# your life or your money



## Dusty (Dec 28, 2005)

the variety store next door to my school was robbed shortly after i left friday night. here is the link to the story:
http://www.haltonsearch.com/hr/bp/story/3237862p-3749041c.html
i assume (because the world revolves around me ) that the idjit who did this waited until after i left to do this. i left shortly after 10pm. the robbery was around 10:15pm. after hearing about it i have run through my head many times many different scenerios if it had happened when i was there. what would you have done?
Dusty, Kwanjang


----------



## Bob Hubbard (Dec 28, 2005)

Picked up phone, called cops, and if available video recorded event from behind safety of locked door.


----------



## Lisa (Dec 28, 2005)

Bob Hubbard said:
			
		

> Picked up phone, called cops, and if available video recorded event from behind safety of locked door.



One would hope.

When I was around 17 the convenience store I worked in was robbed by a guy at knife point.  They had a trigger that had a one dollar bill placed on it, when you pulled on this dollar bill it would summon the security system people who in turn would summon the police.

When my coworker went to pull out the bill, some idjit had taped it in place so as to not accidentally pull it out!  Needless to say the robber wasn't very happy and became somewhat threatening.  It was scary.  Luckily he left and we then activated the alarm and the police finally came about 5 minutes later.

So my best advice to everyone is... just give them what they want and let them leave.  Don't engage them if you don't absolutely have to.  There is a big difference between defending ones life and trying to be the hero.


----------



## terryl965 (Dec 28, 2005)

I would have to agree with Bob on this one.
Terry


----------



## Gentle Fist (Dec 28, 2005)

I am with Bob too.  You can have 40 years of training taken away by a single bullet, not worth trying to play hero.


----------



## shesulsa (Dec 28, 2005)

I would have handed them the money.


----------



## Dusty (Dec 28, 2005)

i guess i should have been a little more specific. i too would hand over the money if confronted by a gun, but i was thinking more along the lines of - you come out of your school, closing up for the night and you hear yelling coming fromn the variety store next door, you look over and see the owner fighting with a guy who has a gun. now, what do you do? do you help him try to subdue the person, do you call the cops and wait, do you do nothing? i am kind of curious as to what all the other martial artists would do. being held up at gunpoint is one thing. we all know the smart answer to that one. but now, someone you know is in a struggle, possibly for their life, what do you do?


----------



## Rich Parsons (Dec 29, 2005)

Dusty said:
			
		

> the variety store next door to my school was robbed shortly after i left friday night. here is the link to the story:
> http://www.haltonsearch.com/hr/bp/story/3237862p-3749041c.html
> i assume (because the world revolves around me ) that the idjit who did this waited until after i left to do this. i left shortly after 10pm. the robbery was around 10:15pm. after hearing about it i have run through my head many times many different scenerios if it had happened when i was there. what would you have done?
> Dusty, Kwanjang



I was reloading a quarter change machine many years ago.

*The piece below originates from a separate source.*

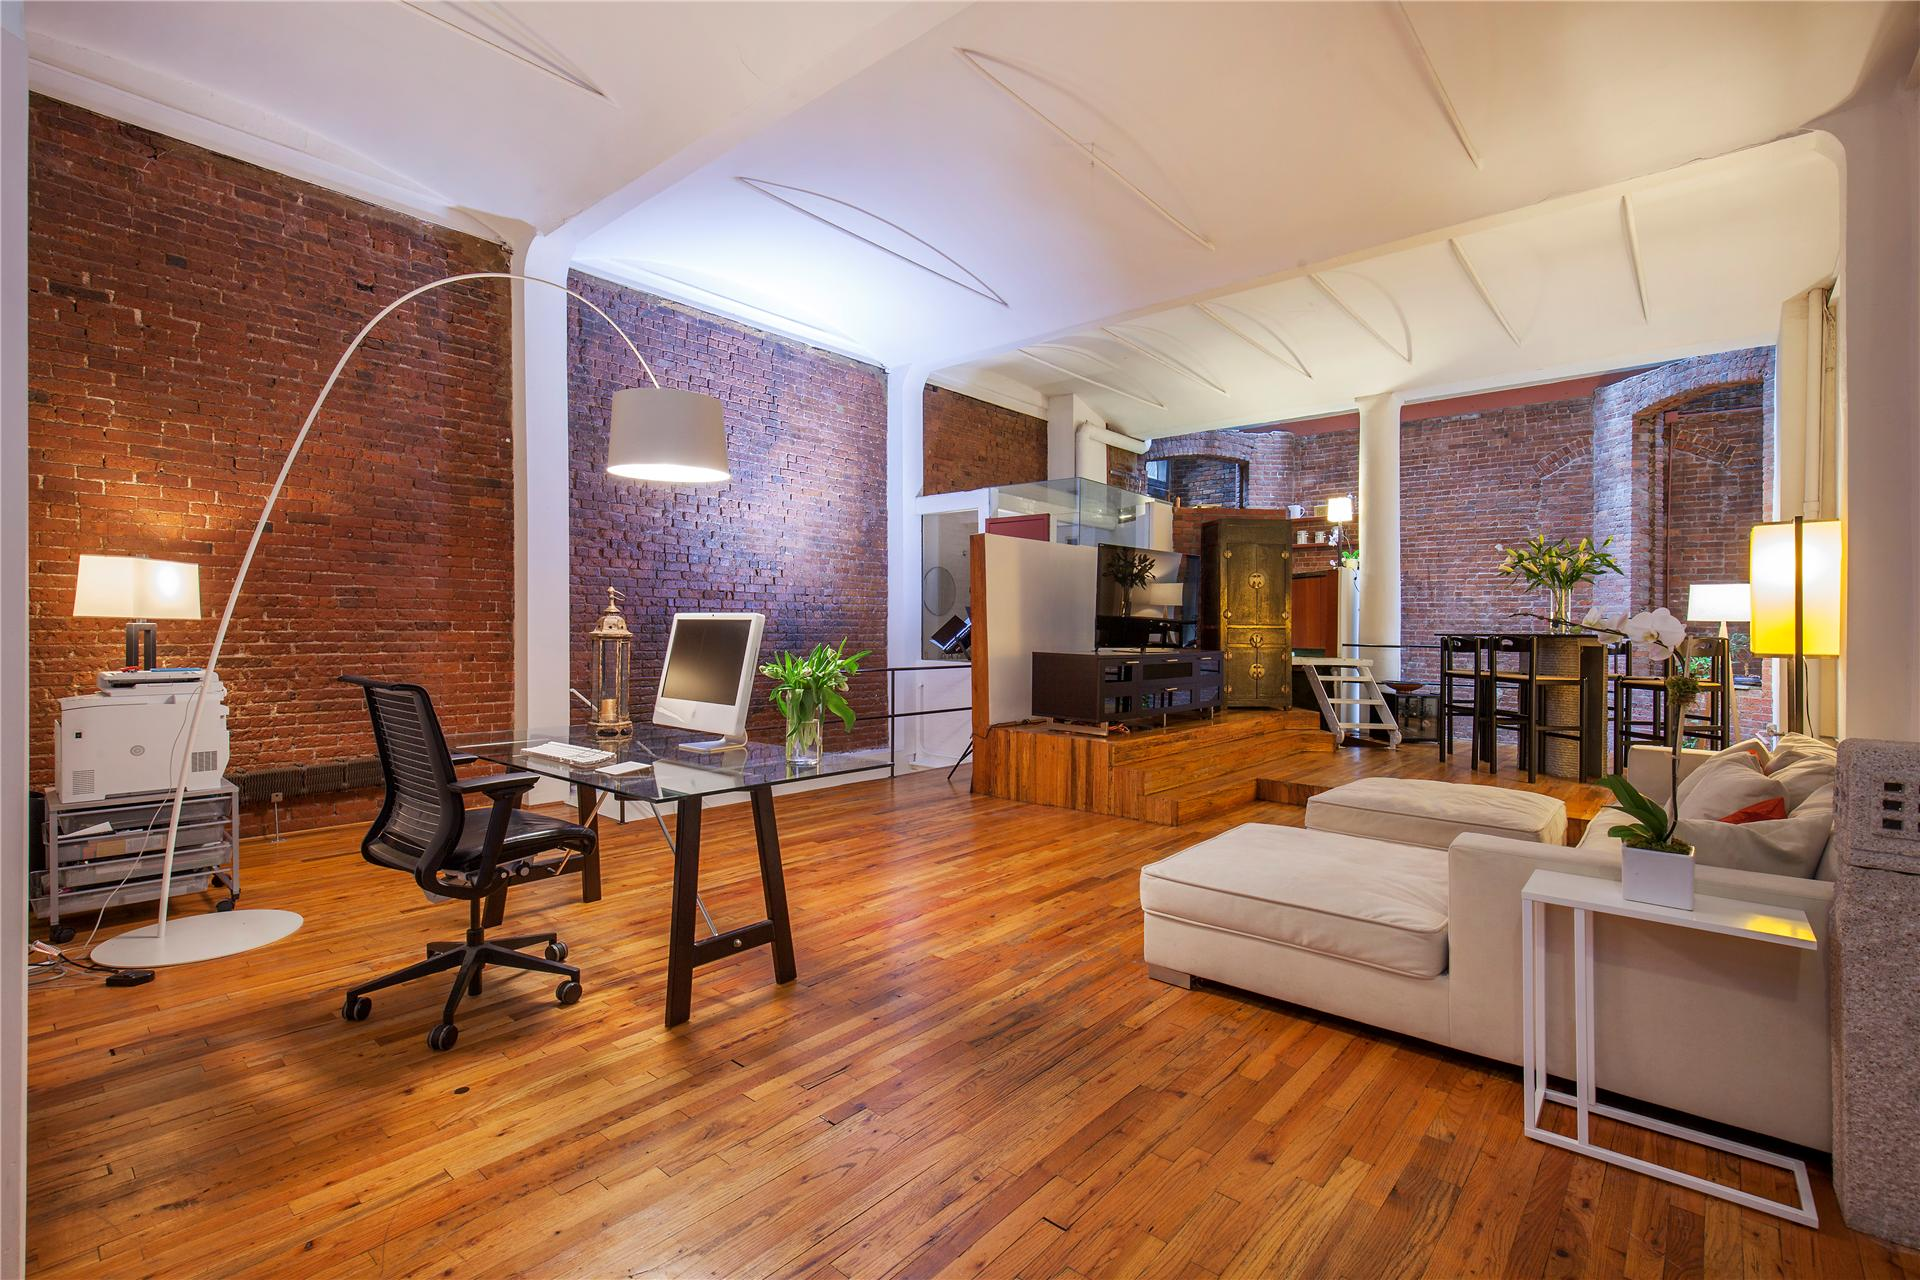 156 Franklin Street, 1R - TriBeCa, New York

I had $2,000 in quarters, four bags of $500 a piece. I carried them swung up on my shoulders.

Someone walked up behind me and said, drop the bags and put your hands up. 

I did. 

One or more of the bags landed on the guys ankle and he went down screaming. Arms still in the air I turn my head to see what is going on. I had dropped a lighter he used as his "weapon" in my back, and was grabbing his arm. He then started to yell he wanted to press charges.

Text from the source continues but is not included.